*TASK BRIEF*:
Write the listing out again word for word, leaving each picture behind.

*RECORDED INFORMATION*:
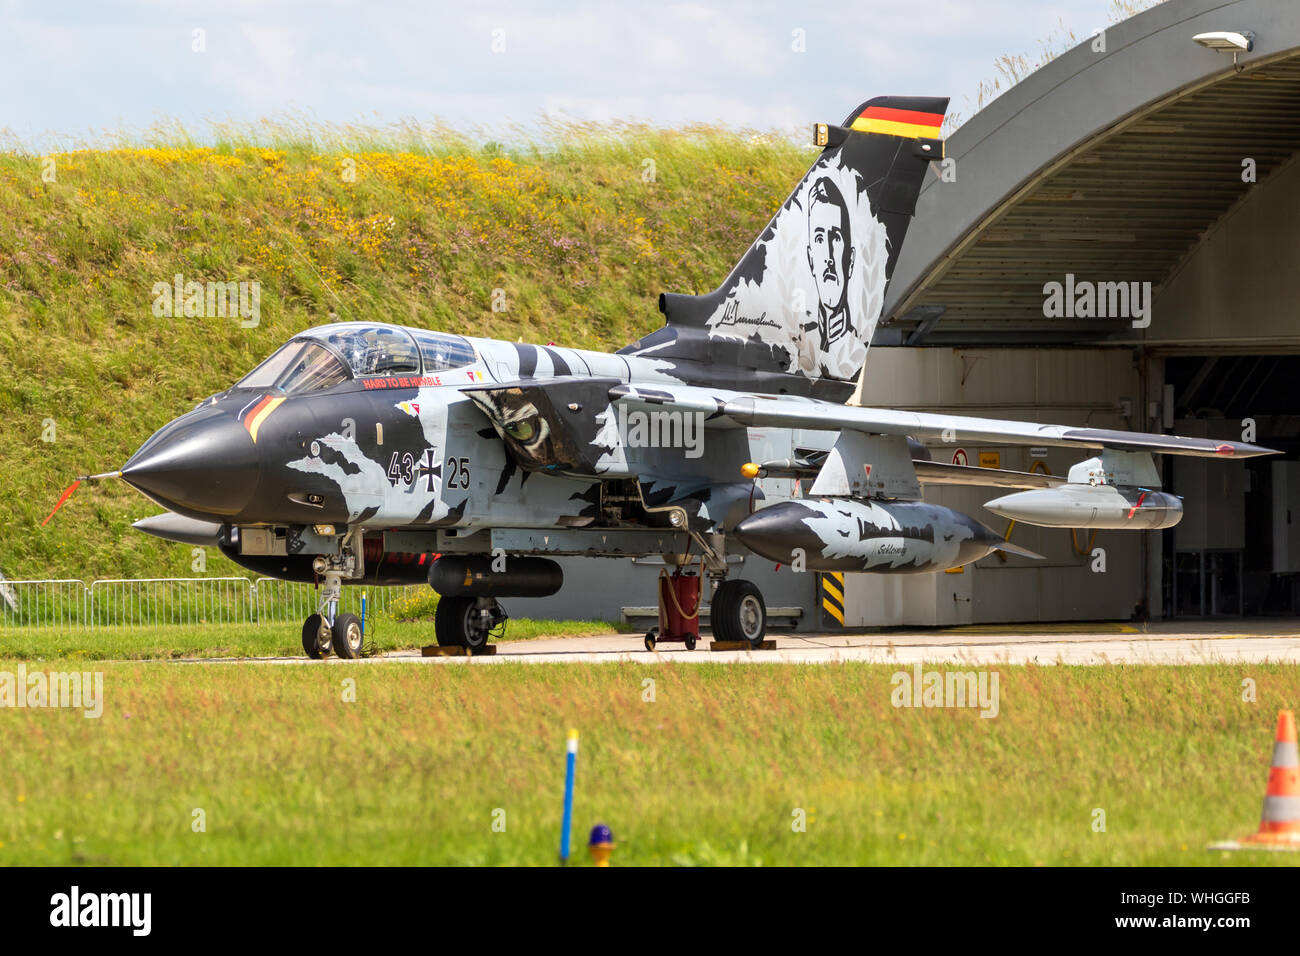 JAGEL, GERMANY - JUN 13, 2019: Special livery painted German Air Force Panavia Tornado fighter bomber jet plane from TLG-51 squadron in front of a har Stock Photo
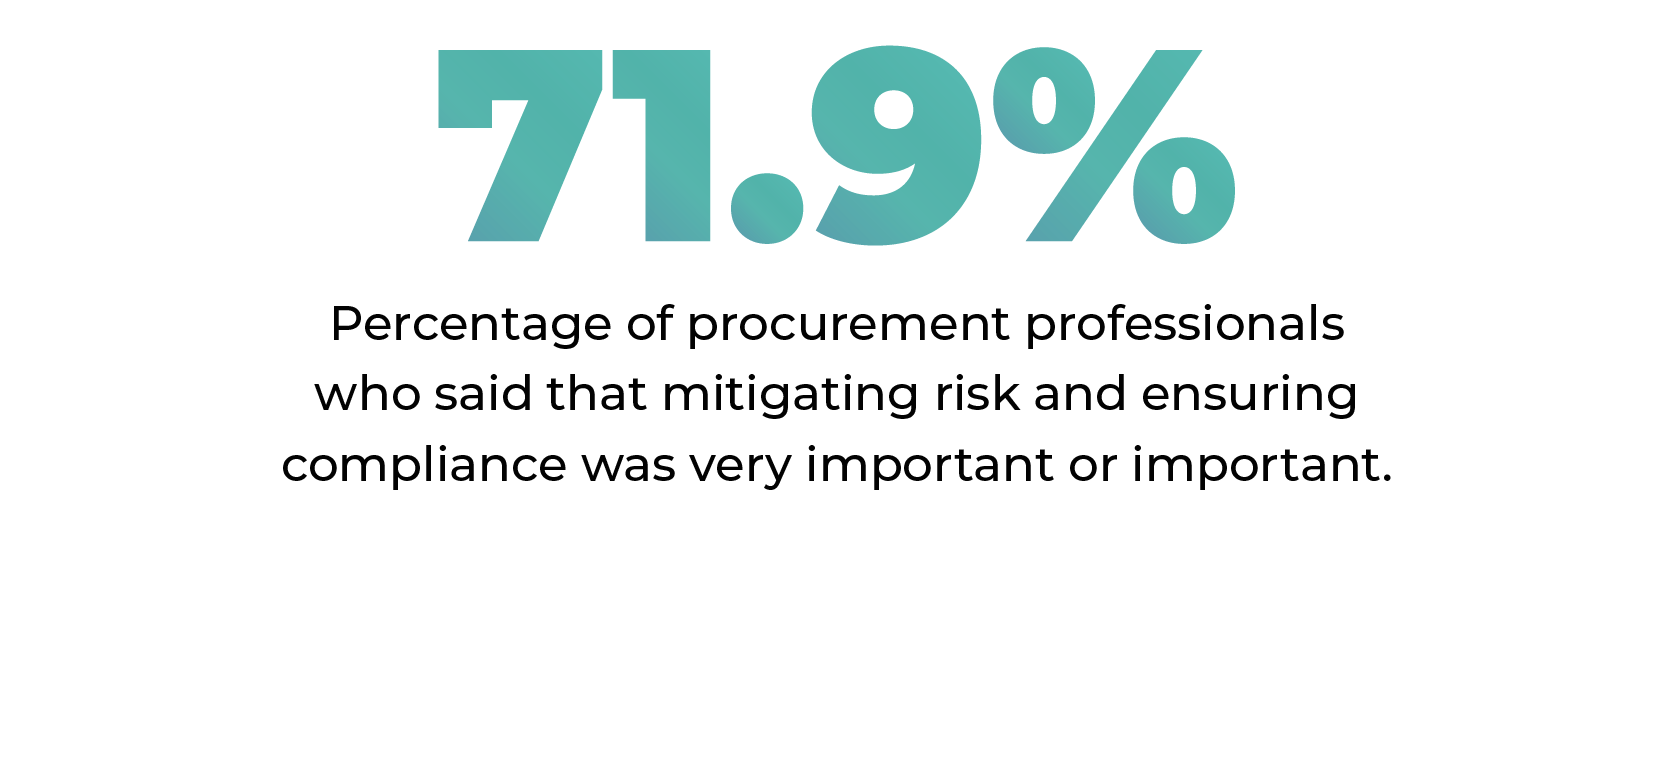 Percentage of procurement professionals who said that mitigating risk and ensuring compliance was very important or important.
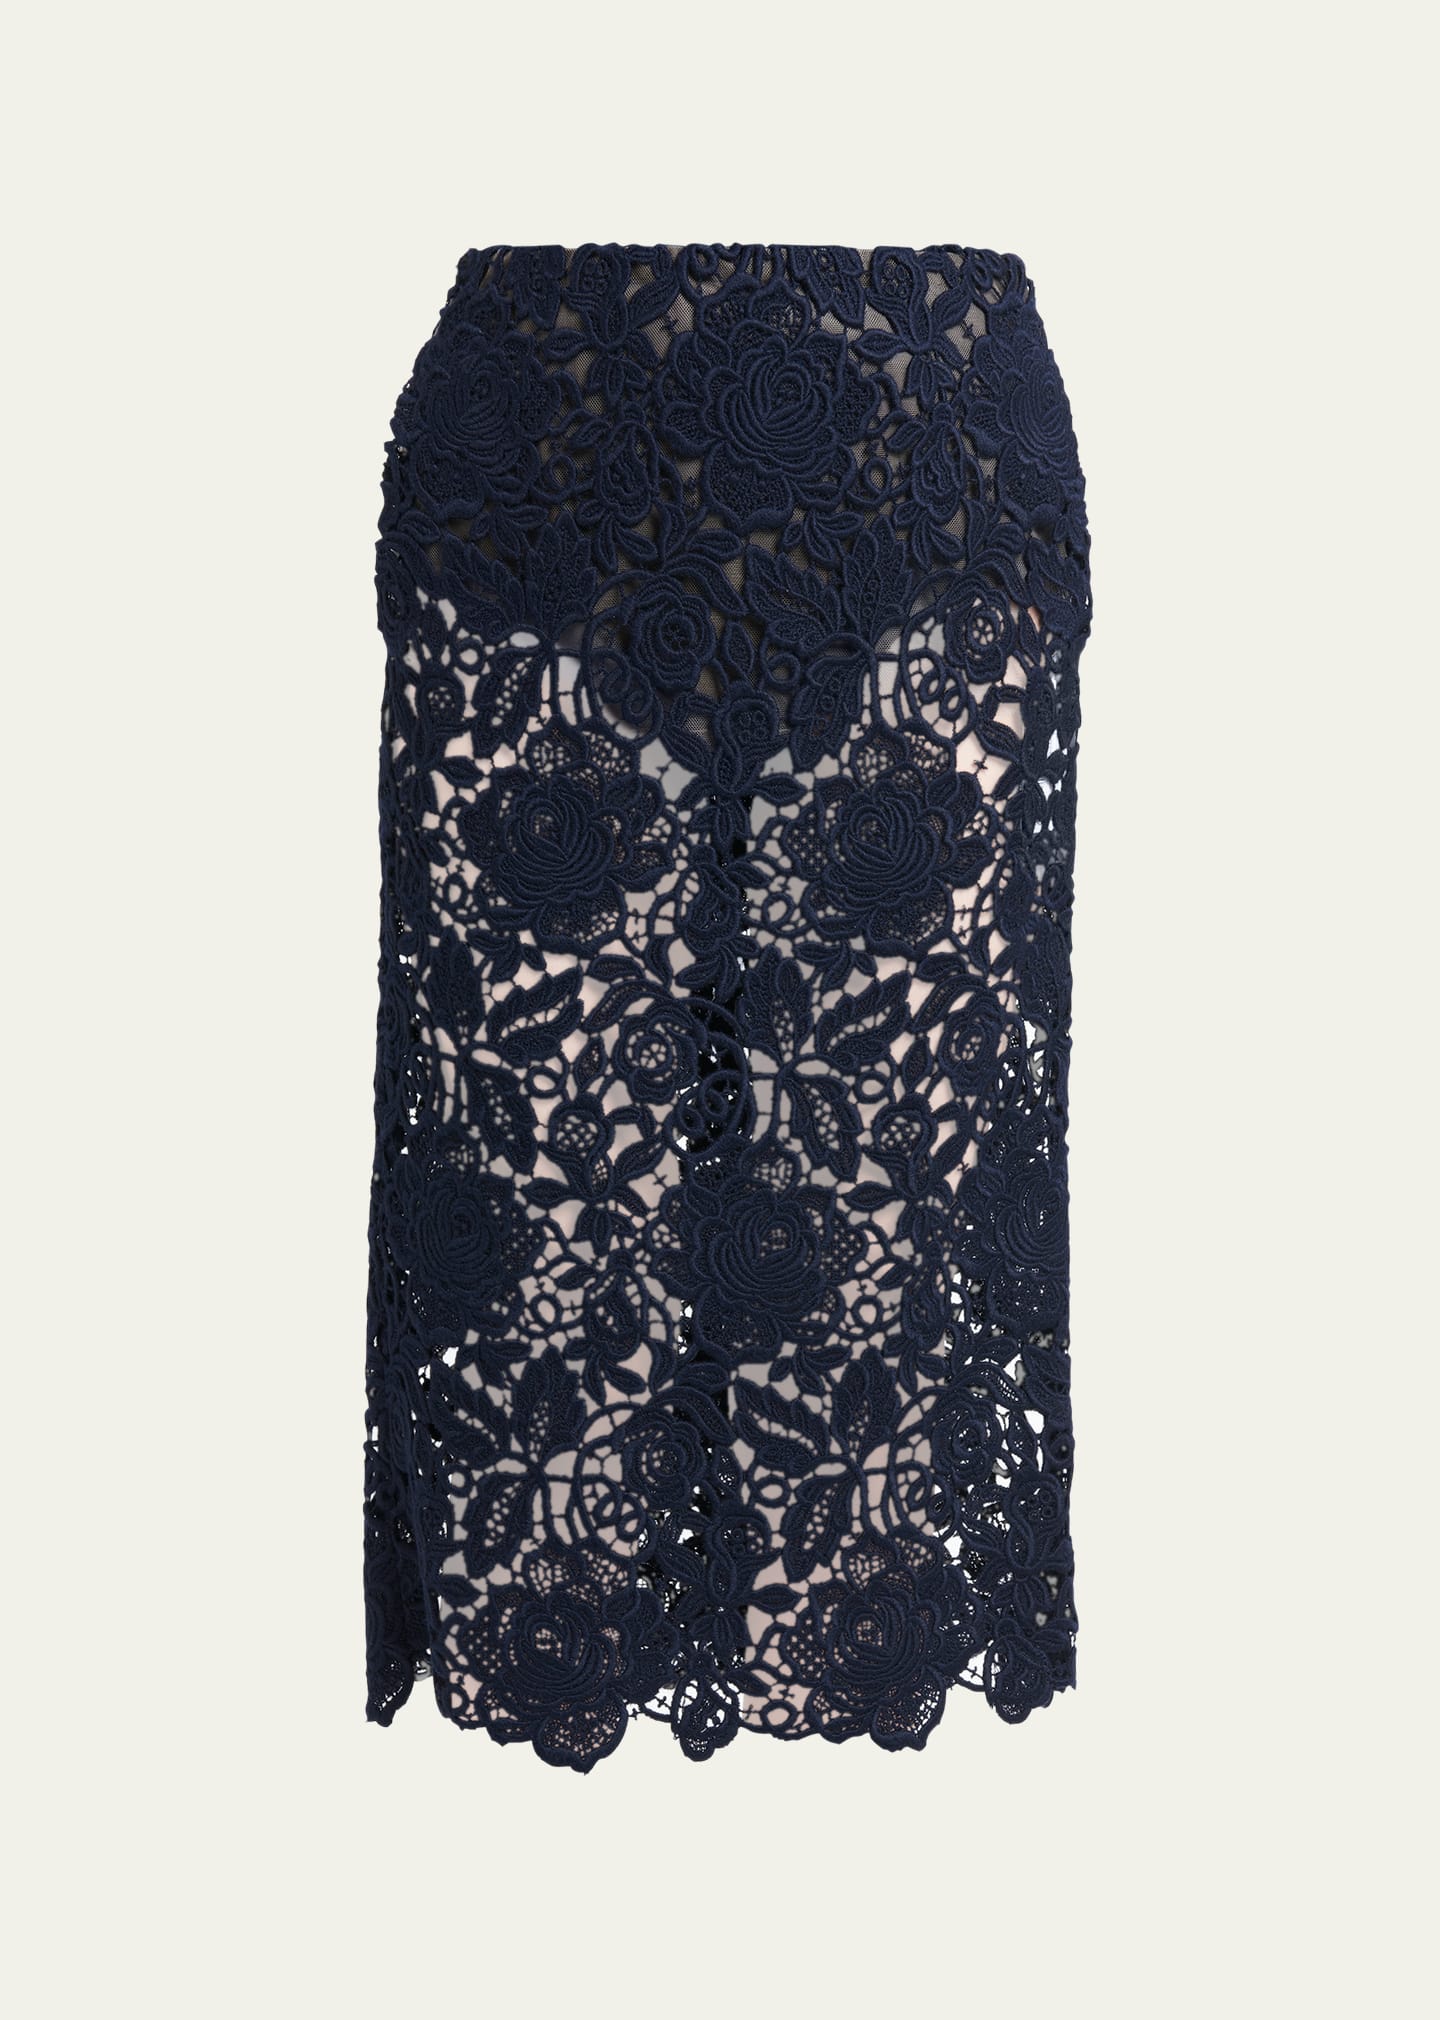 Valentino Floral Lace Sheer Pencil Skirt In Navy
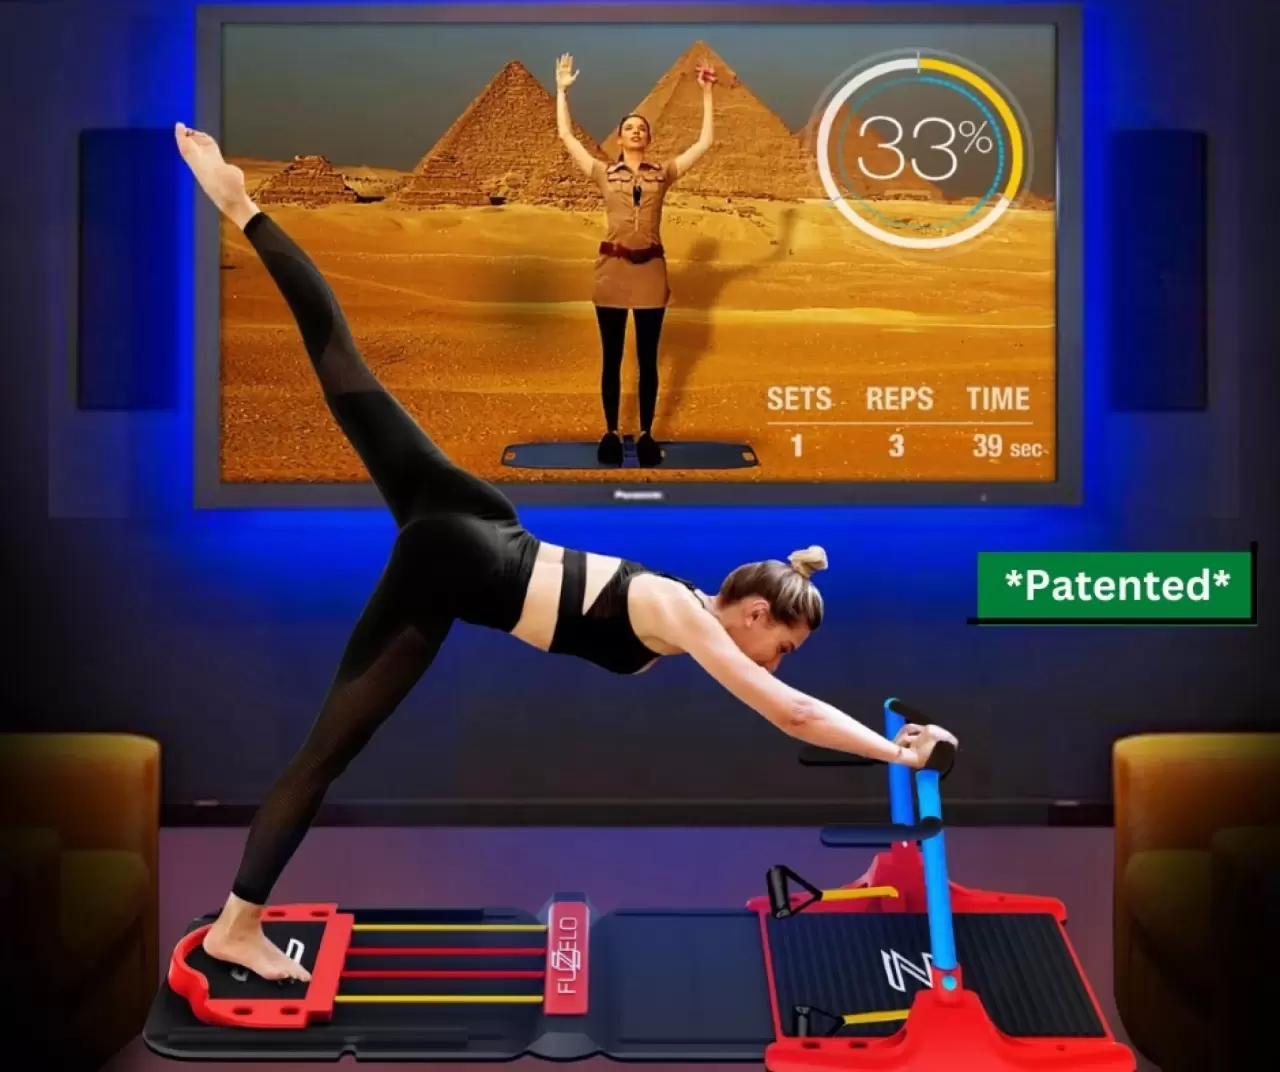 Introducing the Future of Home Exercising: The Fuzelo Patented Metaverse Yoga/Pilates Total Body Gym img#1

*REPLY TO THE TASK*:
 JAGEL, GERMANY - JUN 13, 2019: Special livery painted German Air Force Panavia Tornado fighter bomber jet plane from TLG-51 squadron in front of a har Stock Photo
 Percentage of procurement professionals who said that mitigating risk and ensuring compliance was very important or important.
 Valentino Floral Lace Sheer Pencil Skirt In Navy
 Introducing the Future of Home Exercising: The Fuzelo Patented Metaverse Yoga/Pilates Total Body Gym img#1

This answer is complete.